(Collected data entries)
= = = =

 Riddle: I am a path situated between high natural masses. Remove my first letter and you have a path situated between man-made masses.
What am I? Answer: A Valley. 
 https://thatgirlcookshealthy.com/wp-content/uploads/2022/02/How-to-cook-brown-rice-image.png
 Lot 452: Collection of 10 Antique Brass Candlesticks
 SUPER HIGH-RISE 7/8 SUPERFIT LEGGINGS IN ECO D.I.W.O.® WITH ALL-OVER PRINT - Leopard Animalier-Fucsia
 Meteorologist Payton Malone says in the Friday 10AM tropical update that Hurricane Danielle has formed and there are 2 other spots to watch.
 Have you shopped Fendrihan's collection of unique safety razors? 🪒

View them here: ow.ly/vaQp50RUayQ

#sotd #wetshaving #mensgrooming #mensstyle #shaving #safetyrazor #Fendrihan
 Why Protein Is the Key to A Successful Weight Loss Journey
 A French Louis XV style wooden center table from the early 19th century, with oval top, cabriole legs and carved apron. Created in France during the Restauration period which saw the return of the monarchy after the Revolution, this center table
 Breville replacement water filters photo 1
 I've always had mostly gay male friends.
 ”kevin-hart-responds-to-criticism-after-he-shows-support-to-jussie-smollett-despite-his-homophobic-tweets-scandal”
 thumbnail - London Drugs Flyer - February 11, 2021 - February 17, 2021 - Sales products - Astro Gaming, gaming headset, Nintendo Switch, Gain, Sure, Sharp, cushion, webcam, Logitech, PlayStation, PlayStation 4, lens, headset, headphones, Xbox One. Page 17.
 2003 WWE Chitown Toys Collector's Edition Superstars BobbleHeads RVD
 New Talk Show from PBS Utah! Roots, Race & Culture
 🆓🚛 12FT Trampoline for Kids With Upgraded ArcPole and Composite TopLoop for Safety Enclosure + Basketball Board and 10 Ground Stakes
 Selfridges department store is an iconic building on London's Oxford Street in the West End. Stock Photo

= = = =

* Your assignment: Set out exactly the lines from the one bearing "SUPER HIGH-RISE 7/8" through the end of the data, including both ends and omitting all others.

* Answer to this problem:
 SUPER HIGH-RISE 7/8 SUPERFIT LEGGINGS IN ECO D.I.W.O.® WITH ALL-OVER PRINT - Leopard Animalier-Fucsia
 Meteorologist Payton Malone says in the Friday 10AM tropical update that Hurricane Danielle has formed and there are 2 other spots to watch.
 Have you shopped Fendrihan's collection of unique safety razors? 🪒

View them here: ow.ly/vaQp50RUayQ

#sotd #wetshaving #mensgrooming #mensstyle #shaving #safetyrazor #Fendrihan
 Why Protein Is the Key to A Successful Weight Loss Journey
 A French Louis XV style wooden center table from the early 19th century, with oval top, cabriole legs and carved apron. Created in France during the Restauration period which saw the return of the monarchy after the Revolution, this center table
 Breville replacement water filters photo 1
 I've always had mostly gay male friends.
 ”kevin-hart-responds-to-criticism-after-he-shows-support-to-jussie-smollett-despite-his-homophobic-tweets-scandal”
 thumbnail - London Drugs Flyer - February 11, 2021 - February 17, 2021 - Sales products - Astro Gaming, gaming headset, Nintendo Switch, Gain, Sure, Sharp, cushion, webcam, Logitech, PlayStation, PlayStation 4, lens, headset, headphones, Xbox One. Page 17.
 2003 WWE Chitown Toys Collector's Edition Superstars BobbleHeads RVD
 New Talk Show from PBS Utah! Roots, Race & Culture
 🆓🚛 12FT Trampoline for Kids With Upgraded ArcPole and Composite TopLoop for Safety Enclosure + Basketball Board and 10 Ground Stakes
 Selfridges department store is an iconic building on London's Oxford Street in the West End. Stock Photo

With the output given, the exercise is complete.